• WHAT YOU WILL DO: Retype all of the data word for word, without pictures.

• AVAILABLE DATA:
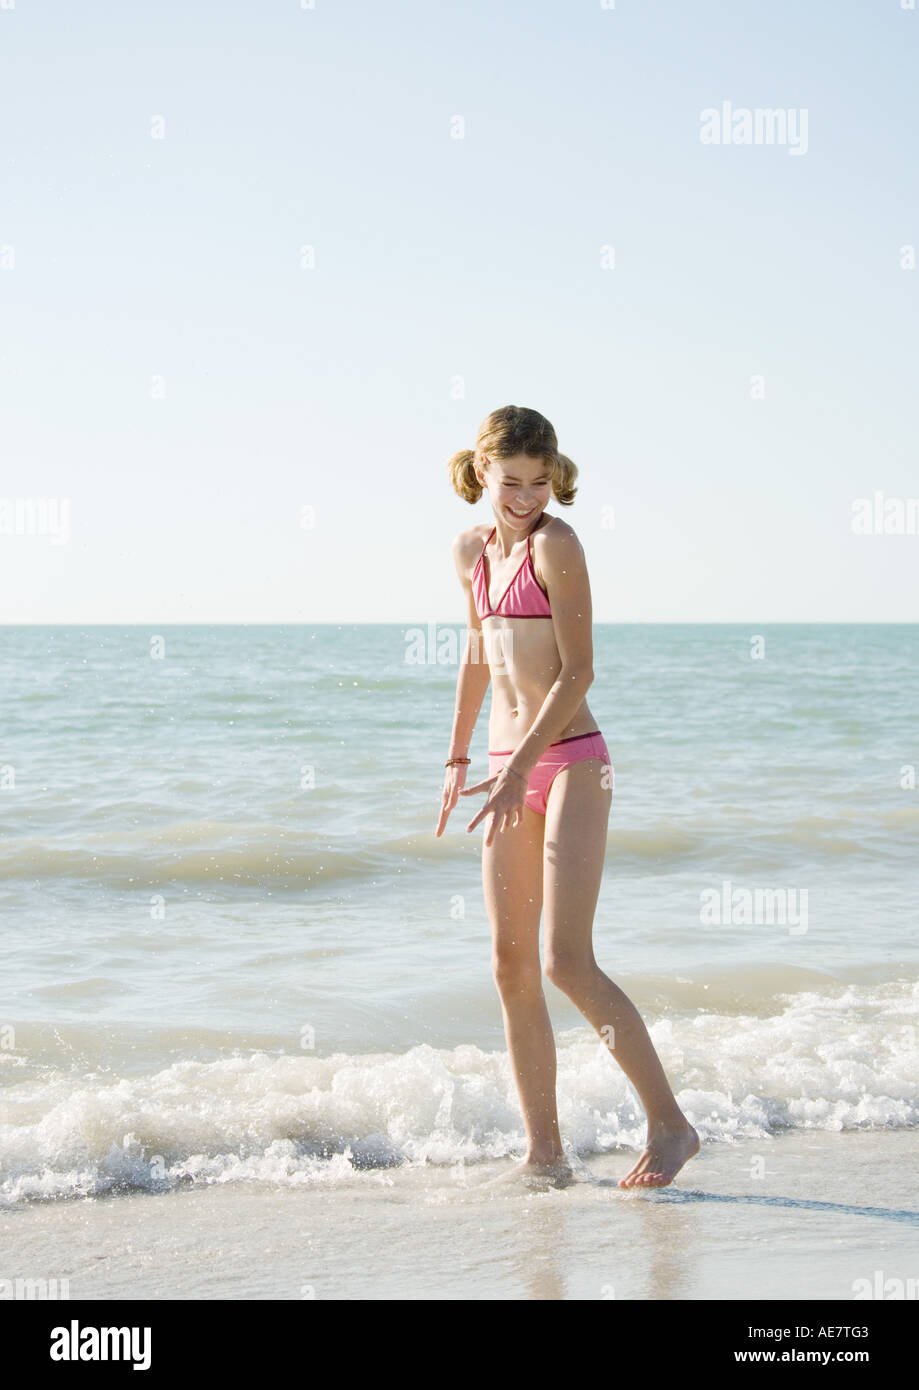 Skinny Girl In Bikini High Resolution Stock Photography and Images - Alamy
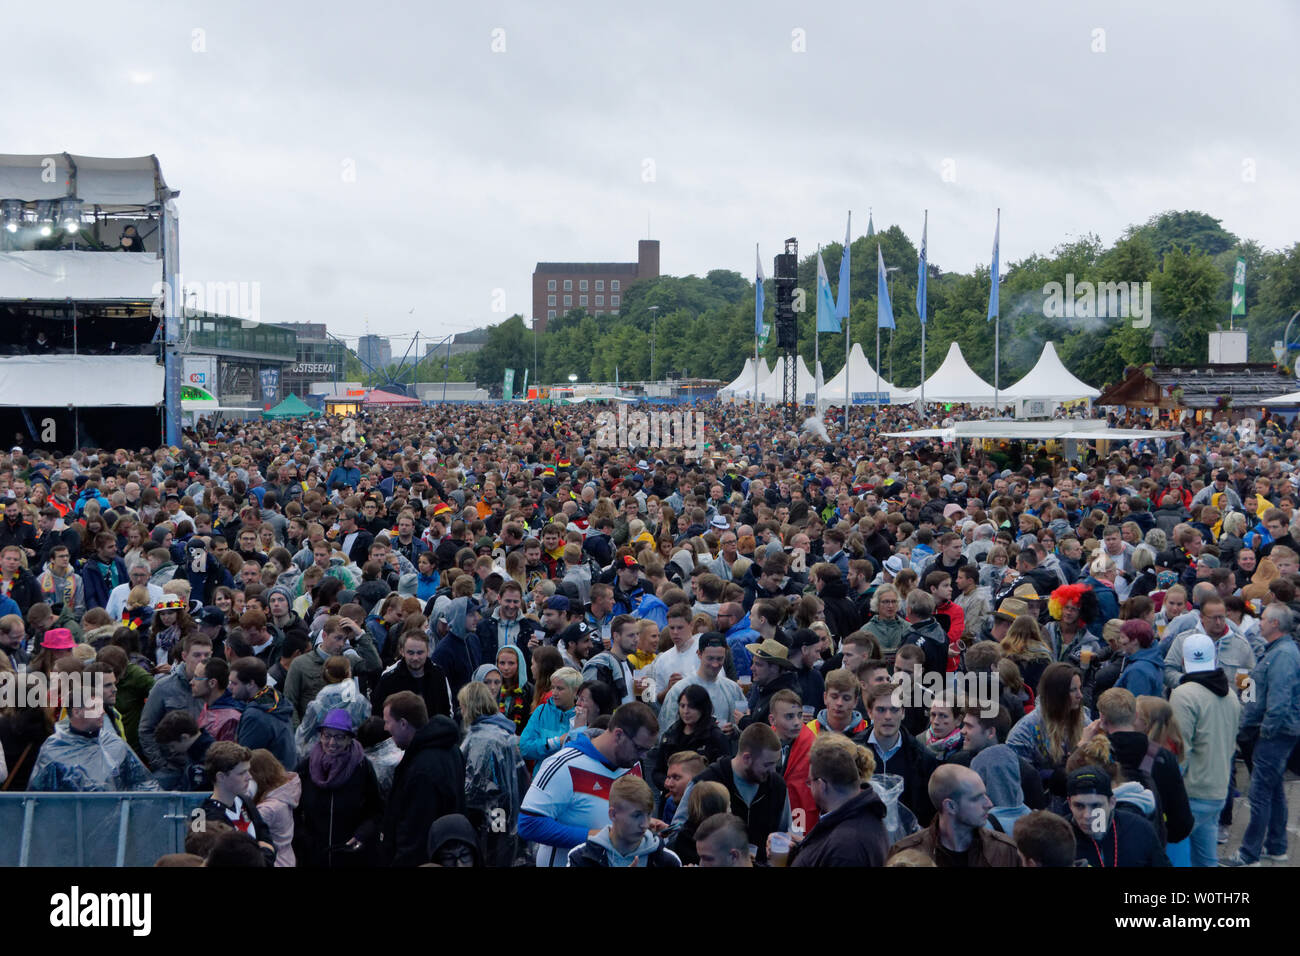 Kiel, Germany - June 23, 2018:  Public Viewing of the Football Game Germany vs. Sweden in Front of the NDR Stage during Kieler Woche 2018 Stock Photo
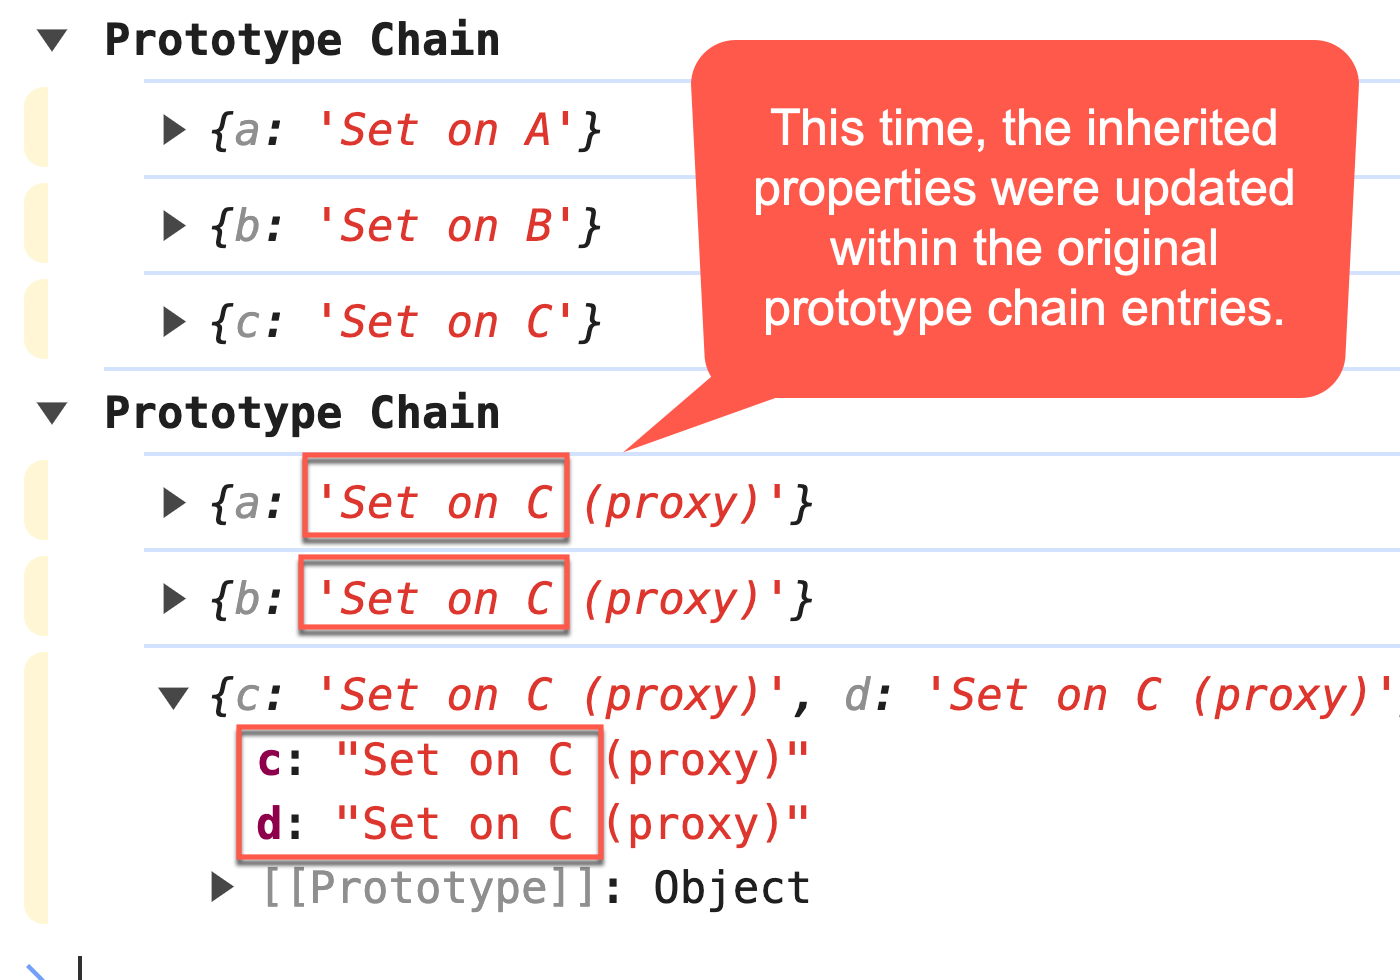 Console output showing Proxy-powered data access behavior in the prototype chain in JavaScript: all properties are written to the original prototype chain entry.

• RESPONSE:
 Skinny Girl In Bikini High Resolution Stock Photography and Images - Alamy
 Kiel, Germany - June 23, 2018:  Public Viewing of the Football Game Germany vs. Sweden in Front of the NDR Stage during Kieler Woche 2018 Stock Photo
 Console output showing Proxy-powered data access behavior in the prototype chain in JavaScript: all properties are written to the original prototype chain entry.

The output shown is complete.